Sunday, September 16, 2007

What I Learned on Rosh Hashanah

1. There is almost nothing as important to me as feeling accepted and included. It's sort of pathetic, really. And I'm not sure where it comes from, since it's not like I was an outcast in junior high or can sobsobsobpoorme for days on end retelling tales of how the girls in high school did me wrong. But something in me just plain THIRSTS to be part of things.

Which means that I was like a (not killed and eaten since that wouldn't be kosher) pig in mud this week when Baroy, the kids, and I were invited to a luncheon after services at the home of a couple who could arguably be called the synagogue's biggest machers. It was the luncheon to which the rabbi, the cantor, and the president of the temple were going. More importantly, it was the luncheon to which several of my friends (some of whom are actually in the positions named above, but most of whom are just People Whom Everyone Likes) were invited, and it was the luncheon to which I had not been invited the year before. Not that that had bothered me...at the time. But in the past year, I've really gotten to know the hosts, and the people that attend these gatherings, and...I'll admit it. I got a huge rush when I was asked to attend.

And then, on the second day, I was asked by another friend from the temple if I would like to attend her women's study group after the second day of services. This is a very small, handpicked group of people, most of whom are women I know very well. It is also a group to which I had not received an invitation the year before. So, when I was asked this year...well, I was like the cat who ate the canary. (I don't think that analogy breaks any of the laws of kashrut, does it?)

Lesson summed up in a different way: I am shallower than the LA River.

2. My daughter can blow the shofar like nobody's business. After the family services broke up the first day and most of the folks had left, Em was talking to the cantor (who runs those services for us) while I cleaned up the snack tables with a couple of my Religious School PTA cohorts. When we heard the shofar blowing again, we looked at each other and said, "Now, see, THAT's what it should have sounded like during the service! Bet he's pissed that he's only NOW finding his groove."

Except, of course, it wasn't Cantor. It was Em. Cantor was truly impressed with her, and she was beaming away. Of course, then he mentioned it to Rabbi, who suggested that Em might want to give it a go at the second-day services, at which point I had to admit that I was sending her back to school for the second day. "Well, that's OK," he said to Em. "You can try it at the tashlich service [where we meet in a park and symbolically cast our sins upon the waters by scattering bread crumbs in a running stream] on Sunday." At which point I had to admit that she wasn't coming to do tashlich, either, because she had soccer photos at the same time. And then became immediately and completely tongue-tied and guilt-ridden and walked quickly away, even though the man didn't even flinch, and I'm one of the last people he's going to give a hard time about not showing up places, since I'm there all the time these days. Still, I could just hear a voice telling me that I was wrong for putting soccer before services. Sure, it was MY voice, but still...

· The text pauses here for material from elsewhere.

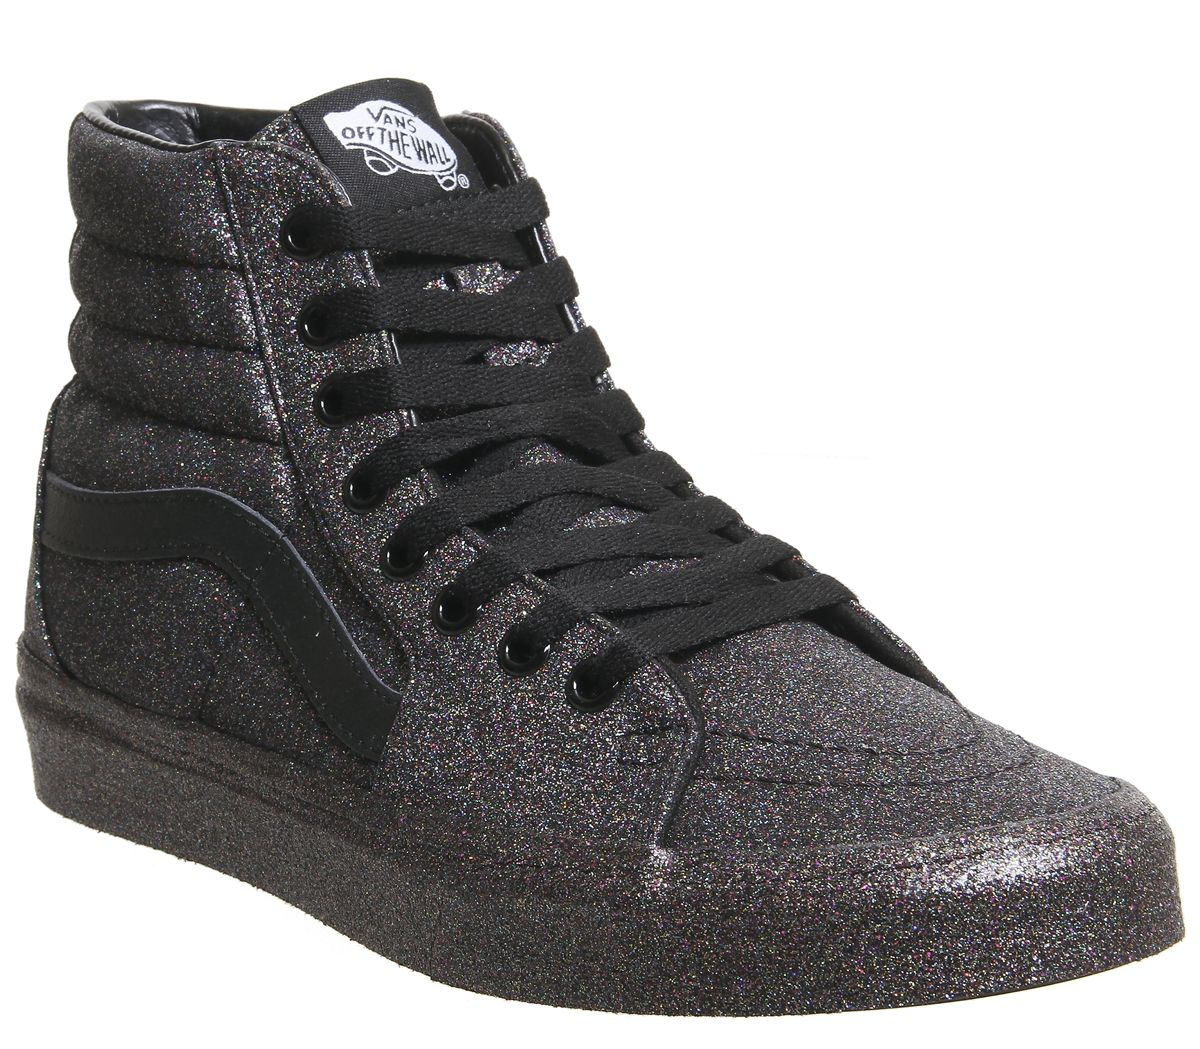 ed82dc88fe3 Vans Sk8 Hi Trainers Black Black Rainbow Glitter - Hers trainers

Lesson summed up in a different way: No matter what we do, we parents can't win. But also, my kid rocks.

3. N needs to stop paying so much attention at services. Cantor's sermon at the family service on the first day was about the sorts of 'new year's resolutions' the kids could make that would be in keeping with the spirit of the holiday. He was using examples of things like chores, and how the children should make an effort in the coming year to do the things their parents ask them to do, so that the parents don't have to ask them over and over again. "And for your part, parents," he said, "you need to make an effort to stay calm and patient with your children, instead of jumping on them the minute they make a mistake."

And so it was that, tonight, after I'd told Em, N and Em's friend J--who was sleeping over--to get ready for bed and to get their stuff set up in the family room, and after N had dawdled and dawdled and dawdled some more and then thrown a mini-tantrum about how I had spread out his blanket on the floor (there were WRINKLES! and even though they were only at the bottom, it STILL BOTHERED HIM!), I yelled at him to get into bed or suffer vague but dire consequences. To which he responded, "I thought you promised not to be mean any more in the future." To which Em almost literally yowled with laughter.

Lesson summed up in a different way: Busted. And by a 6-year-old. Damn. I mean: Darn.

1 comment:

Anonymous said...

Shofar blowing can be exasperating. You've got quite a talented kidlet on your hands.